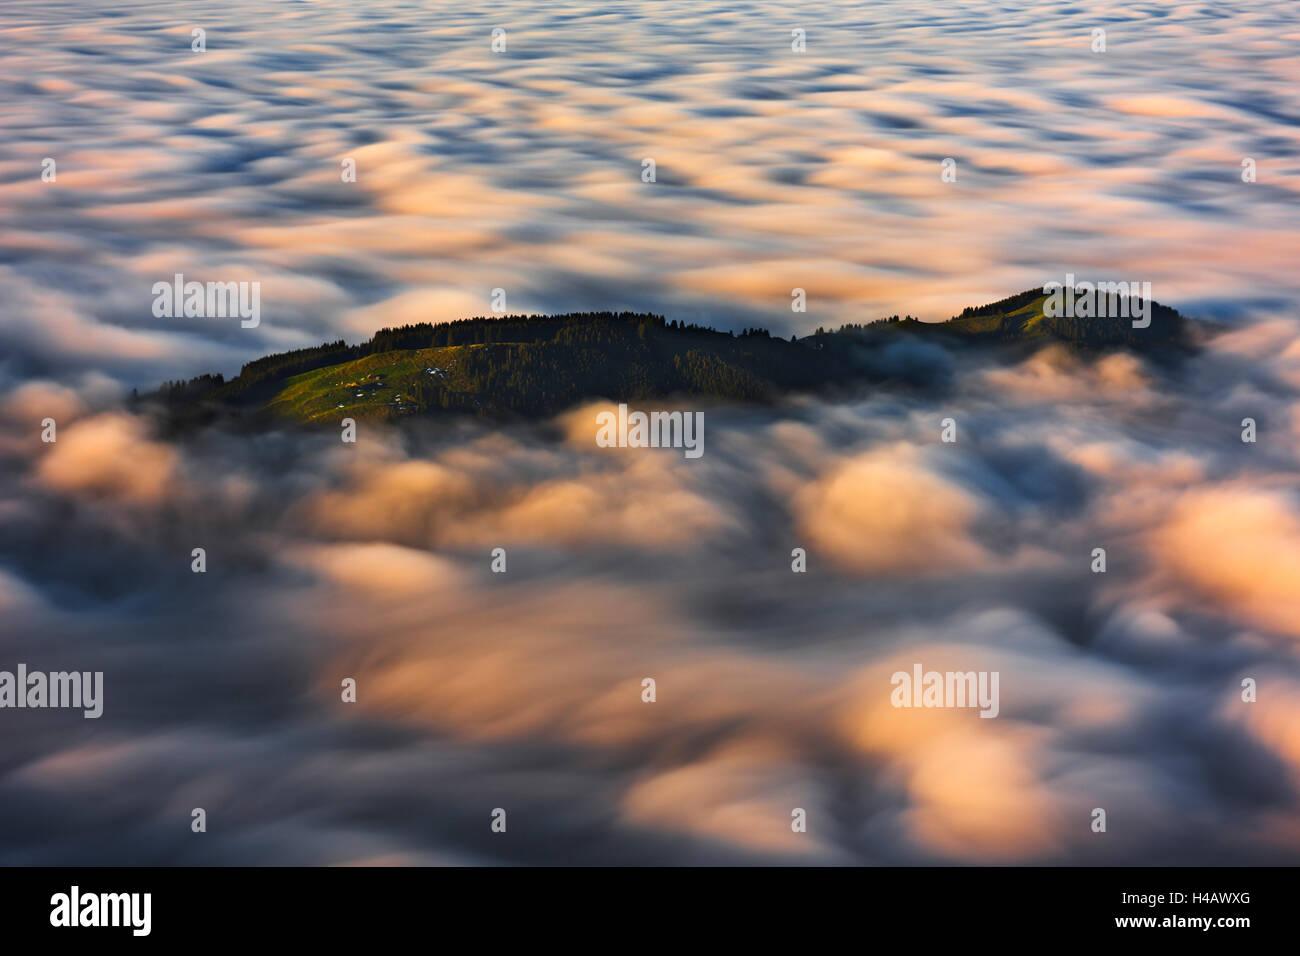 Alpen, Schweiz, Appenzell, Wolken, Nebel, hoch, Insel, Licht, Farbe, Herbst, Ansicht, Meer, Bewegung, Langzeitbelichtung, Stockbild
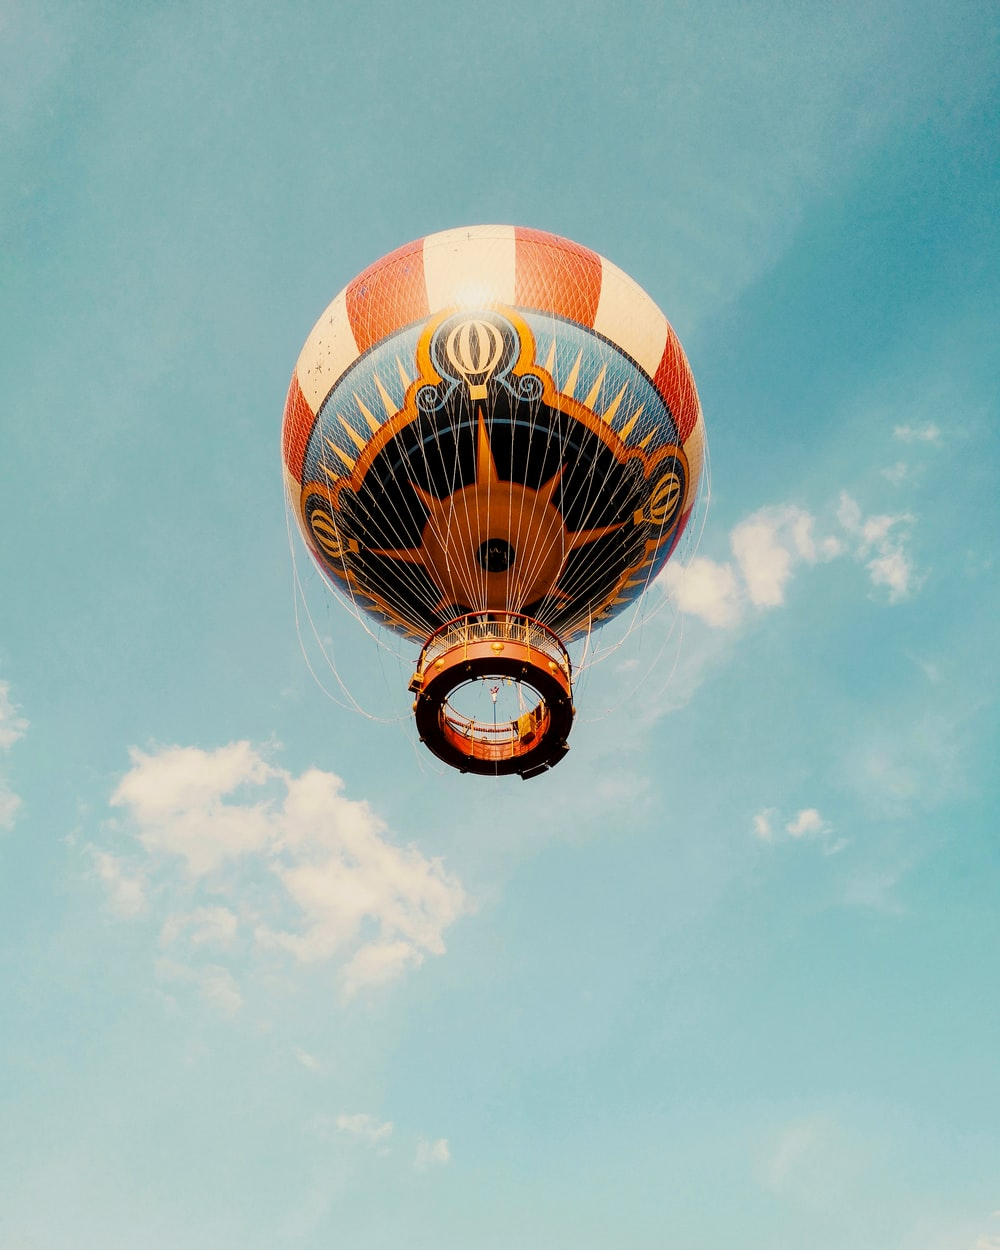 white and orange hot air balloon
.....
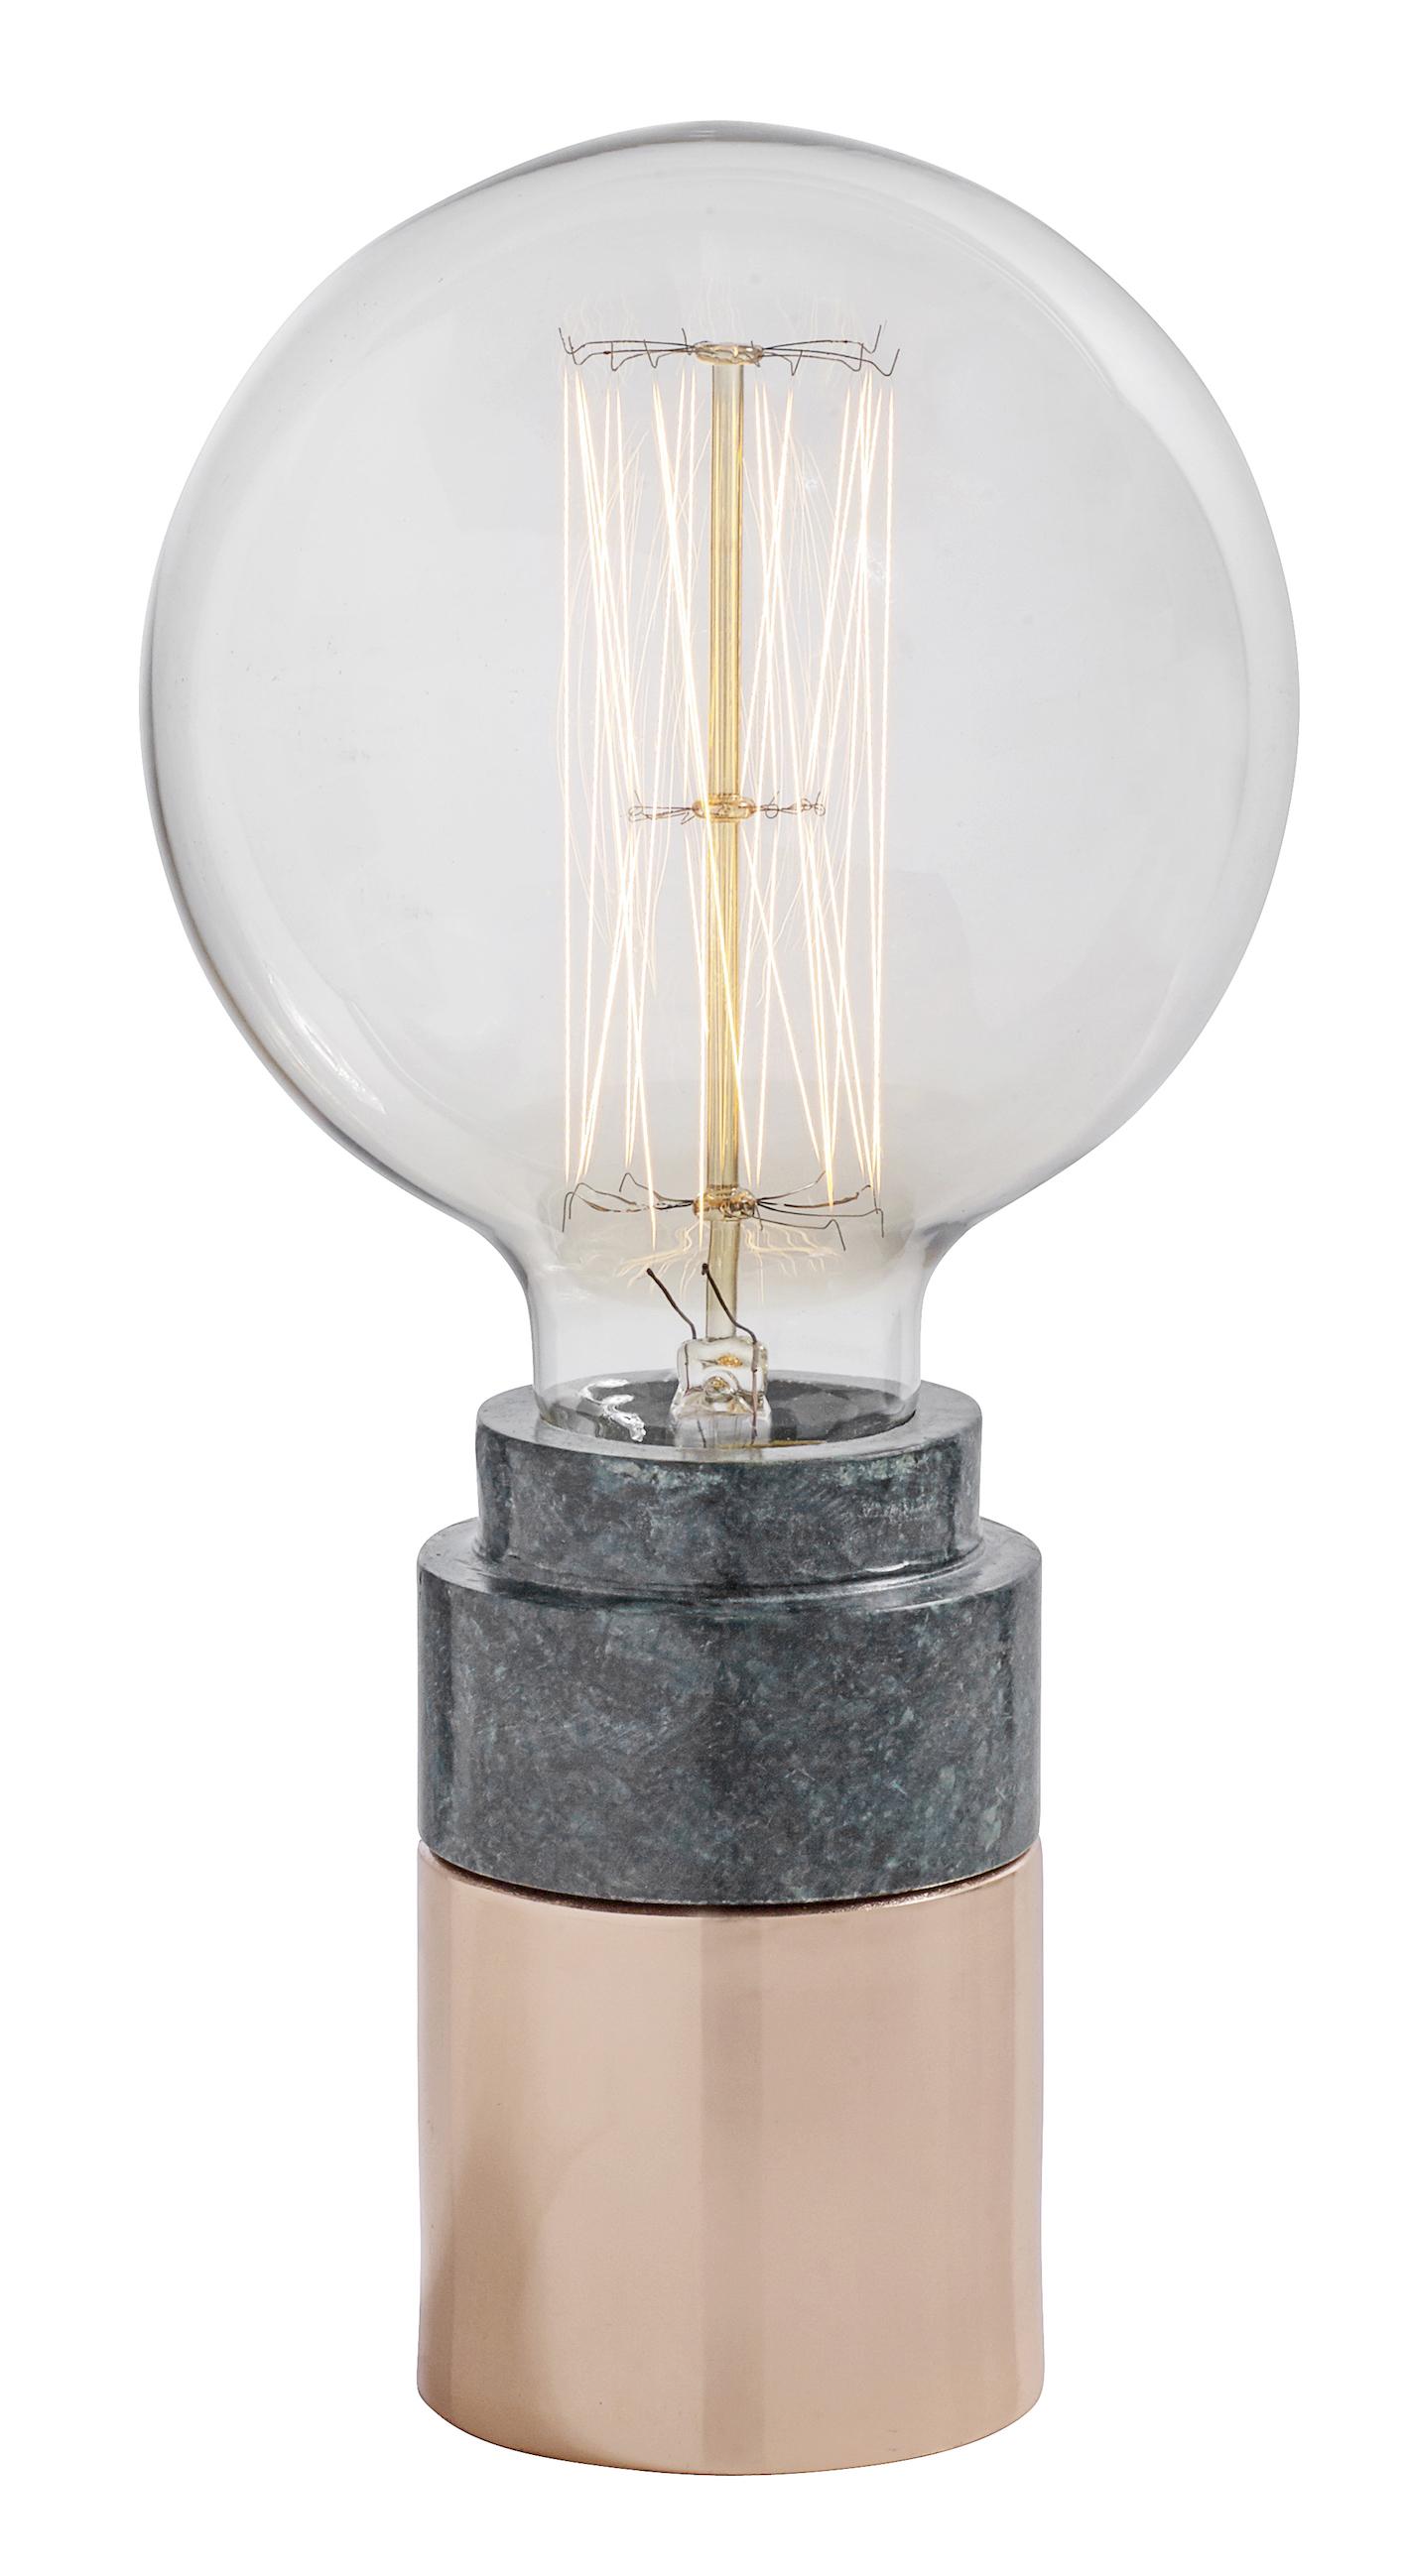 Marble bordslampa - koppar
.....
Work to be completed — What's needed is an exact copy of the lines above from the one with "Bewegung, Langzeitbelichtung, Stockbild" through the one with "white and orange hot air balloon", both included; the pictures stay out.

Result for this exercise —
 Alpen, Schweiz, Appenzell, Wolken, Nebel, hoch, Insel, Licht, Farbe, Herbst, Ansicht, Meer, Bewegung, Langzeitbelichtung, Stockbild
 white and orange hot air balloon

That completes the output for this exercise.